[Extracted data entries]
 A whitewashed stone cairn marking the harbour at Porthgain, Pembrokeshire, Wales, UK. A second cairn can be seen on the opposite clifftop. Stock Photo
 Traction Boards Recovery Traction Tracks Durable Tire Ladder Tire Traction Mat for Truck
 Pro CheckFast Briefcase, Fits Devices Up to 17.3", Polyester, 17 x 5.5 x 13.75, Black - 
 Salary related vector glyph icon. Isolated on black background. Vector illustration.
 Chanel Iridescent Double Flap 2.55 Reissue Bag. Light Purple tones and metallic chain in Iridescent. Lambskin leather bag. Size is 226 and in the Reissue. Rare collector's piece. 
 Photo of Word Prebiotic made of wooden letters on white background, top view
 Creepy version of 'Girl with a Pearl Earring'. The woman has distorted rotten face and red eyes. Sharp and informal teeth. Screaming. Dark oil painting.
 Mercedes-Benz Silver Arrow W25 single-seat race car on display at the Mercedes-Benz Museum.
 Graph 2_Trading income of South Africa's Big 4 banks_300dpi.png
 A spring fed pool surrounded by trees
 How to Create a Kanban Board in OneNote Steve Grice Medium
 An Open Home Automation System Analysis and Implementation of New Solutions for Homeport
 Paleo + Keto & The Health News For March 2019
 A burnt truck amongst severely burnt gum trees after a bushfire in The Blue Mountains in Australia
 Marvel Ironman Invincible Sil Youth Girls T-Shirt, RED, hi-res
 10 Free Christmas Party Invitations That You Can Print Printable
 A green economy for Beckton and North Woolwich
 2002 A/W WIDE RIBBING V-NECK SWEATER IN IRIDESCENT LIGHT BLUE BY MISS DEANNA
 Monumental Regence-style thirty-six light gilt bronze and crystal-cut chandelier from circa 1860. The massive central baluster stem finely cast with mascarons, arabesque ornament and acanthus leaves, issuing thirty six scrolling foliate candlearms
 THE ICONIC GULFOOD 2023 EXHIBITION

### Task instructions
Only the lines from the one containing "10 Free Christmas" through the end of the data above are wanted, both ends included; restate them word for word.

### Final answer
 10 Free Christmas Party Invitations That You Can Print Printable
 A green economy for Beckton and North Woolwich
 2002 A/W WIDE RIBBING V-NECK SWEATER IN IRIDESCENT LIGHT BLUE BY MISS DEANNA
 Monumental Regence-style thirty-six light gilt bronze and crystal-cut chandelier from circa 1860. The massive central baluster stem finely cast with mascarons, arabesque ornament and acanthus leaves, issuing thirty six scrolling foliate candlearms
 THE ICONIC GULFOOD 2023 EXHIBITION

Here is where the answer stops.